Graphing Parabolas: Finding 3 Good Points

[AC24]

Hey guys what's up? I am new to this forum, so I am sorry if I posted in the wrong area..

Anyways, I have a question on Parabolas. I know how to find the Vertex, Axis of Symmetry, X,Y Int. and so on, but I am having trouble graphing it. My teacher said I need to find three good points to graph it, but I have no idea what she means. I mean I know how to graph it, but the A variable throws me off.. I'll give an example:

y=3(x-1)²-9
Vertex: (1,-9)
Axis of Symmetry: x=1
Width- Narrow
Direction- Up
X Int.= 1 plus/minus square root of 3
Y Int.= -6
Min: y=-9

How would you get three good points from this? Thank you so much to those that take the time to read and help!

 

[uart]

So you're asking how would you get three points from the four that you already have?

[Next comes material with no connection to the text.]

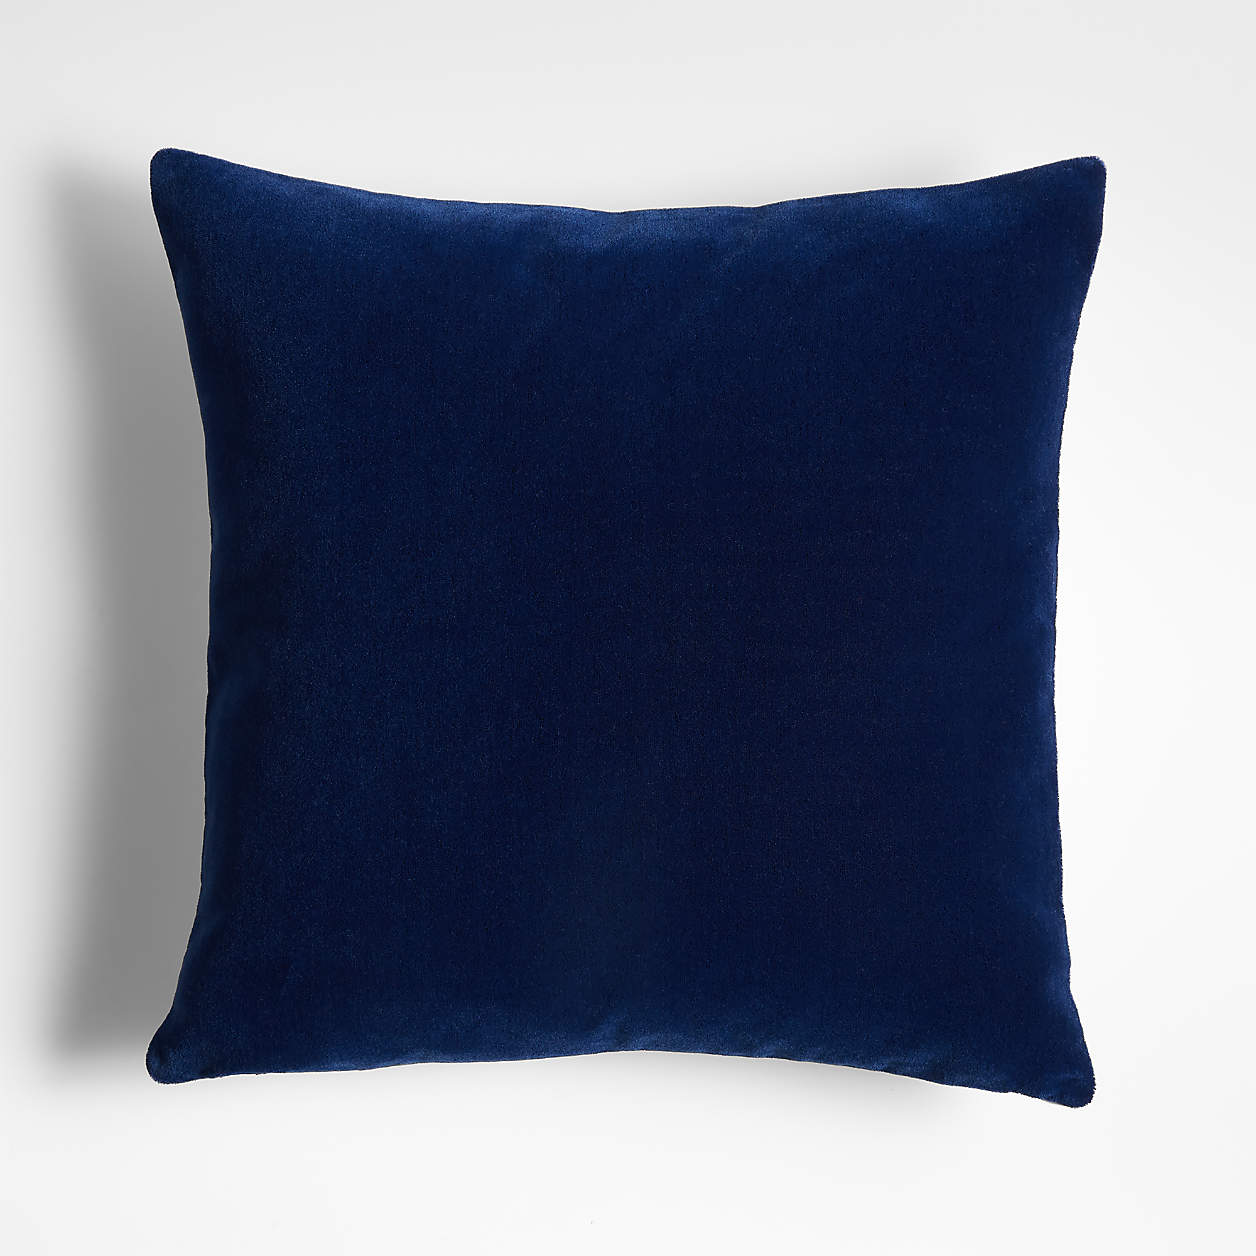 Blue Pillow - Deep Sea 20

In a case like the above I'd normally start with just the vertex and the two x-intercepts to make a rough sketch, you can use the y-intercept also as guide to keep it somewhat accurate.

Remember however that you won't always have real x-intercepts, but you can always calculate as many additional points as you wish if you want to make the sketch more accurate.

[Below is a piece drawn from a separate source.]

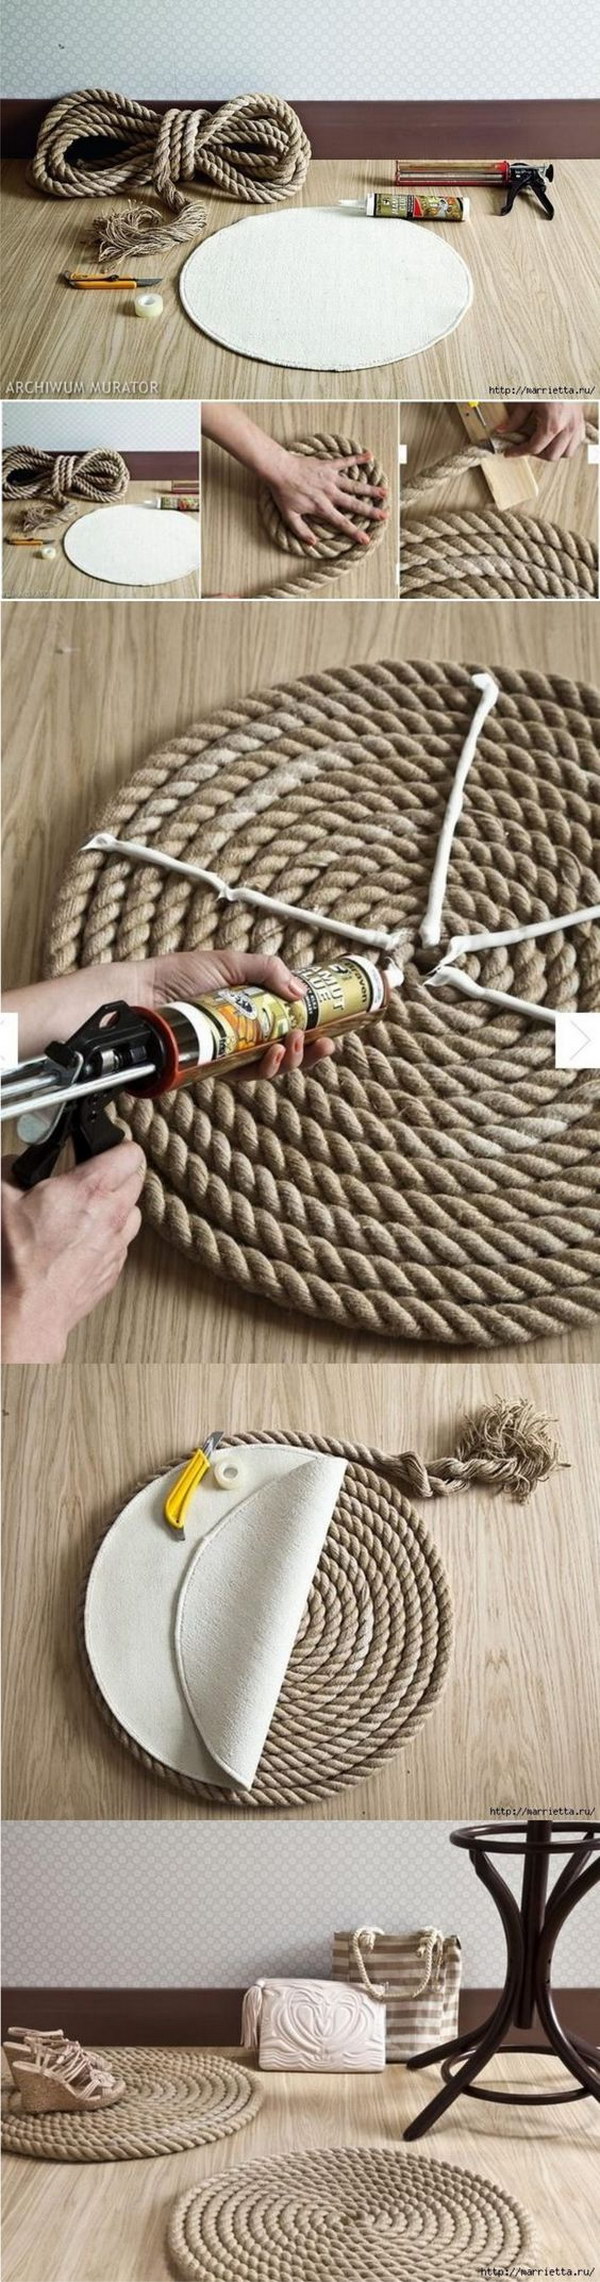 DIY Rope Rug

All your teacher really wants is that you be able to make a quick rough (approximate) sketch of a parabola based on the vertex and few points either side of it.

 

[Diffy]

Uart makes a good point, I hope you do notice that with the information you posted there are indeed 4 points.

1) the vertex ----> (1, -9)

2 and 3) the X intercepts -----> (1+sqrt(3), 0) and (1 - sqrt(3), 0)

4) the y intercept (0, -6)

You could certain use these 4.

One thing to add though, is it is possible that your parabola won't have any x-intercepts, and/or your vertex will also be one or both of your intercepts.

So one thing to do is to pick two points to the left and right of your vertex.

For simplification imagine your parabolas equation is y = 4x^2

The Vertex and all the intercepts will be the origin (0, 0). So what you could do is just pick an x value less then 0 and greater then 0 to find two new points. say x = +/-2. Plug these two x values into the original equation and solve for y. In this case you will get the points (2, 16) and (-2, 16).

Good luck with your conic sections.